Landmark Infrastructure Partners LP Prices Initial Public Offering


EL SEGUNDO, Calif., Nov. 19, 2014 (GLOBE NEWSWIRE) -- Landmark Infrastructure Partners LP (the "Partnership") (Nasdaq:LMRK) announced today the closing of its initial public offering of 2,650,000 common units representing limited partner interests in the Partnership ("Common Units") at $19.00 per Common Unit. The underwriters have a 30-day option to purchase from the Partnership up to 397,500 additional Common Units at the $19.00 per Common Unit price. The Common Units began trading on the NASDAQ Global Market on November 14, 2014 under the ticker symbol "LMRK."

At the closing of the offering, the public will own a 33.8% limited partner interest in the Partnership, or an approximately 38.9% limited partner interest in the Partnership if the underwriters exercise their option to purchase additional Common Units in full.

The Partnership is a growth-oriented master limited partnership formed to acquire, own and manage a portfolio of real property interests that the Partnership leases to companies in the wireless communication, outdoor advertising and renewable power generation industries. Headquartered in El Segundo, California, the Partnership's real property interests consist of a diversified portfolio of long-term and perpetual easements, tenant lease assignments and fee simple properties located in 42 states and the District of Columbia, entitling the Partnership to rental payments from leases on approximately 700 tenant sites as of October 13, 2014.

Robert W. Baird & Co. Incorporated, Raymond James & Associates, Inc. and RBC Capital Markets, LLC are serving as joint book-running managers for the initial public offering, and Janney Montgomery Scott LLC is serving as co-manager for the initial public offering. The offering of these securities is being made only by means of a prospectus meeting the requirements of Section 10 of the Securities Act of 1933, as amended. A copy of the final prospectus may be obtained from:

Robert W. Baird & Co.
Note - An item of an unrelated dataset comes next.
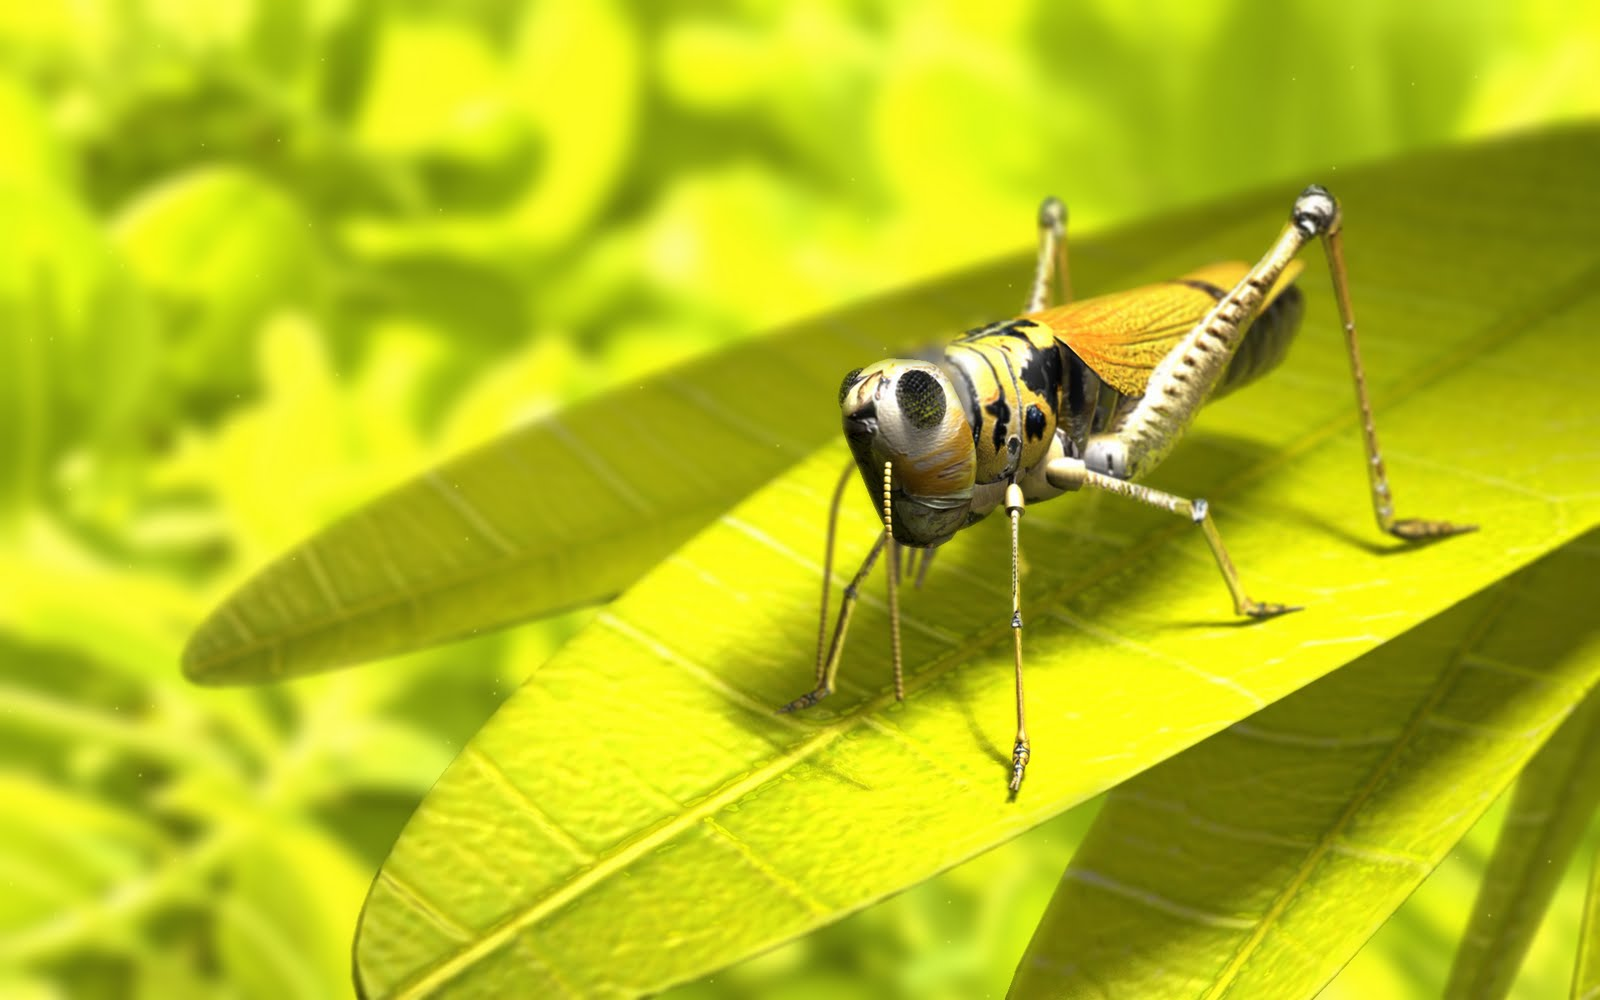 http://2.bp.blogspot.com/-dwyOsm743yI/TdpXbn-5nPI/AAAAAAAAADY/oSQMGFZwg5Y/s1600/wallpaper_grasshopper.jpg

Incorporated Raymond James & Associates, Inc.
Attn: Syndicate Department Attn: Equity Syndicate
777 East Wisconsin Avenue 880 Carillon Parkway
Milwaukee, Wisconsin 53202 St. Petersburg, Florida 33716
Telephone: (800) 792-2473 Telephone: (800) 248-8863
Email: syndicate@rwbaird.com Email: prospectus@raymondjames.com
   
RBC Capital Markets, LLC  
Attn: Equity Syndicate  
Three World Financial Center  
200 Vesey St., 8th Floor  
New York, New York 10281  
Telephone: (877) 822-4089  
Email: equityprospectus@rbccm.com  

A registration statement relating to these securities has been filed with and declared effective by the Securities and Exchange Commission ("SEC"). The registration statement (including the preliminary prospectus) is available on the SEC's website at www.sec.gov. This press release shall not constitute an offer to sell or a solicitation of an offer to buy the securities described above, nor shall there be any sale of these securities in any state or jurisdiction in which such an offer, solicitation or sale would be unlawful prior to registration or qualification under the securities laws of any such state or jurisdiction.

When available, you may also obtain a copy of the final prospectus free of charge, at the SEC's website at www.sec.gov under the Partnership's name "Landmark Infrastructure Partners LP."

Cautionary Note Regarding Forward Looking Statements

Disclosures in this press release contain certain forward-looking statements within the meaning of the federal securities laws. Statements that do not relate strictly to historical or current facts are forward-looking. These statements contain words such as "possible," "if," "will," "expect" and "assuming" and involve risks and uncertainties including, among others that our business plans may change as circumstances warrant and securities of the Partnership may not ultimately be offered to the public because of general market conditions or other factors. Accordingly, readers should not place undue reliance on forward-looking statements as a prediction of actual results. For more information concerning factors that could cause actual results to differ materially from those conveyed in the forward-looking statements, please refer to the "Risk Factors" section of the prospectus included in the registration statement, in the form last filed with the SEC. None of the Partnership, Landmark Dividend LLC or the underwriters undertake any obligation to update or revise such forward-looking statements to reflect events or circumstances that occur, or of which the Partnership, Landmark Dividend LLC or the underwriters become aware, after the date hereof, unless required by law.